Random, jumbled responses my man:

Hope is not a plan.

Do you remember the "Jack Handy Deep Thoughts" blackout sketches they used to do on "Saturday Night Live"? One of them went, "It's easy to sit there and say you'd like to have more money. And I guess that's what I like about it. It's easy. Just sitting there, rocking back and forth, wanting that money."

Wanting your W to work on the marriage. That's the easy part. We all do that.

What work are you going to do, now, given the Brutal Reality of your situation? Because the Working and the Wanting are not mutually exclusive. You can Work and Want at the same time; you can work on X and want ~X. It's the DB Way.

But there is no Moses to lead you to the Promised Land.

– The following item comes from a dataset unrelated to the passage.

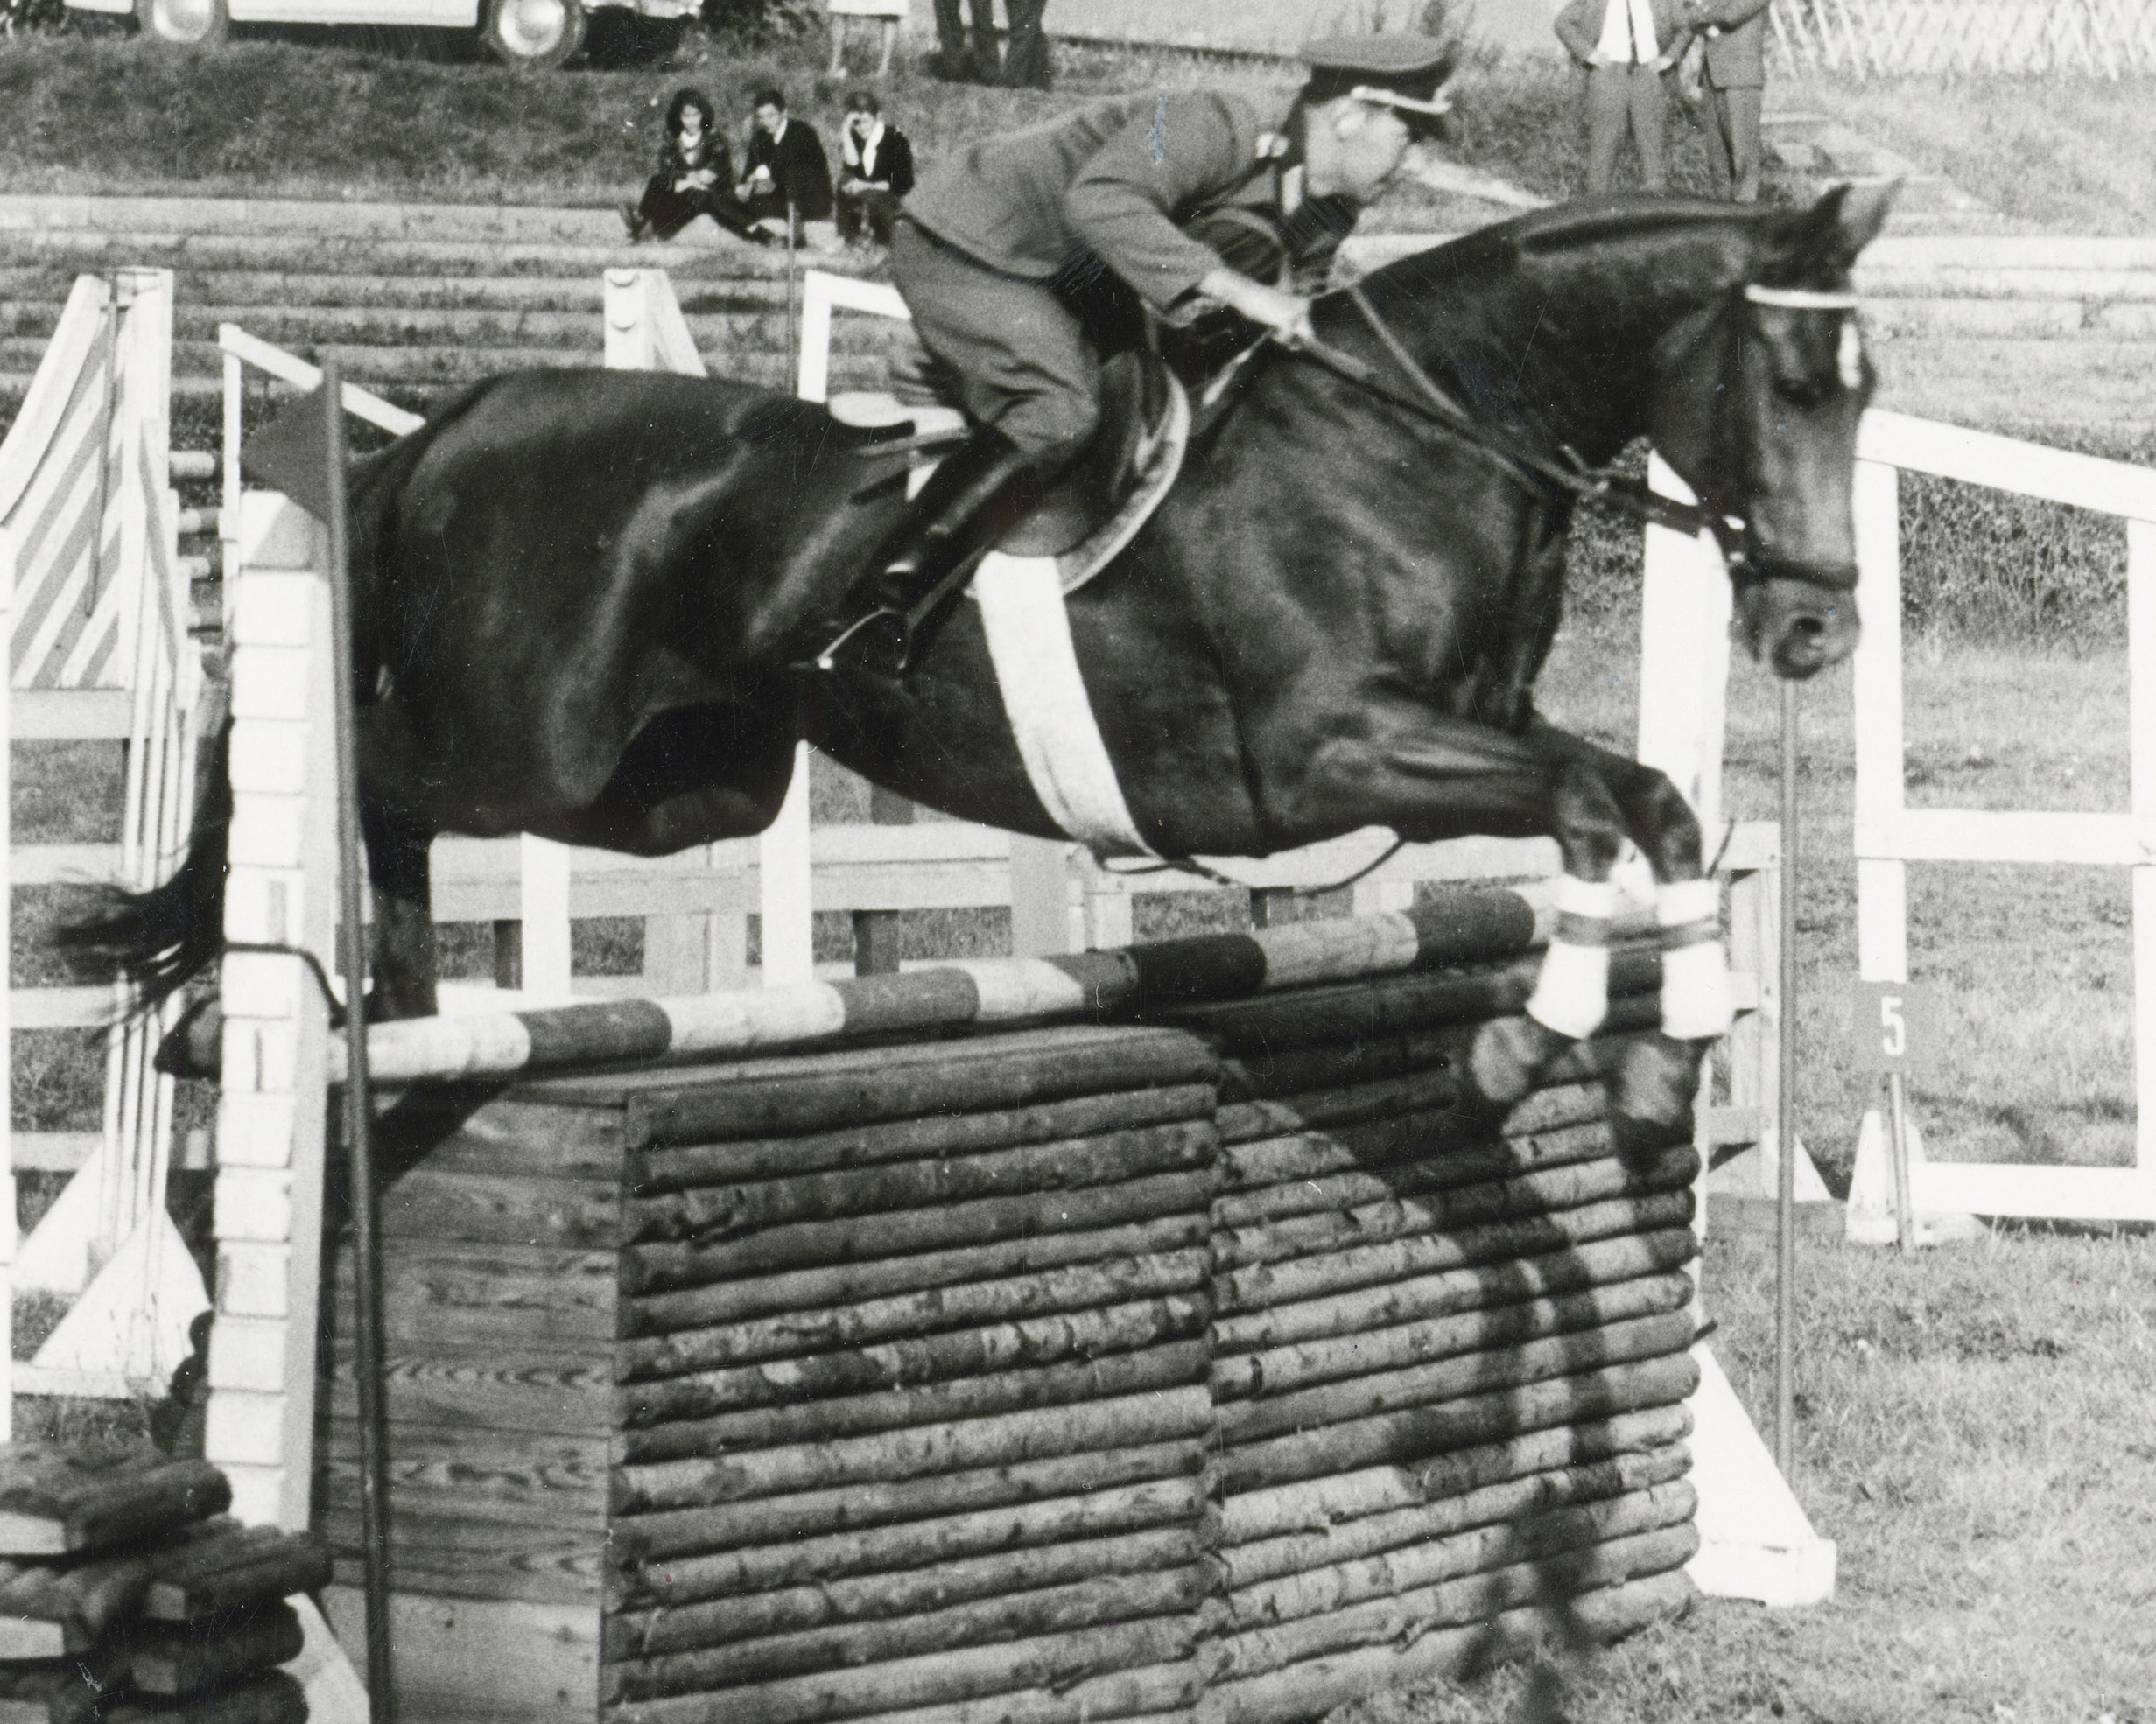 Helmut Hartmann, von Neustädter Reitern auch Käpt'n genannt, war ein Allrounder und gewann DDR-Meistertitel in allen drei olympischen Reitsportdisziplinen. Diese Foto zeigt ihn mit Normi, mit dem er 1967 in der Vielseitigkeit DDR-Meister wurde. © Hubertus Kuhne

Sometimes the only way across the Red Sea is over it, on top of it, or under it, depending I suppose on whether there's wings, crossed swords or dolphins on your chest.

You've got to be your own leader now and find a way across the sea. But (and to mix maritime metaphors a bit) you're rather more by way of being Magellan than Moses.

Because it's just not clear what lies on that far shore.

Perhaps OM3 is a response to your successful DBing, eh? Perhaps W feels she is being pushed by your DBing efforts and by way of resisting she is expanding the domain of her distractions.

The WAS is like quicksilver in that regard -- push it here, it sploobs its way there. In which case one might think you should just carry on with what you're doing.

On the other hand, MWD does advise that if what you're doing isn't working that you relook and rethink. Perhaps you're not getting the result you seek. ReThink.

But my most jumbled thought is this: How bad would it be to live, but live darkly, in Limboland? To, in essence, ignore W's very presence in the home, to refuse to leave your children, to make every moment in your presence a reminder to W of your categorical rejection -- rejection not of her, but of her course of action?

You don't want to divorce. We get that. I think, by and large, we all share that want.

So don't divorce.

But that choice -- and that IS a choice, my brother -- imposes costs. Only you can answer the $10,000 question lurking there -- are you willing to continue paying those costs, recognizing that at the end of the day there's not a blessed thing you can do about OM's 1 through n?

That's the gouge, my friend. And as you sea-faring types say, live by the gouge, die by the gouge.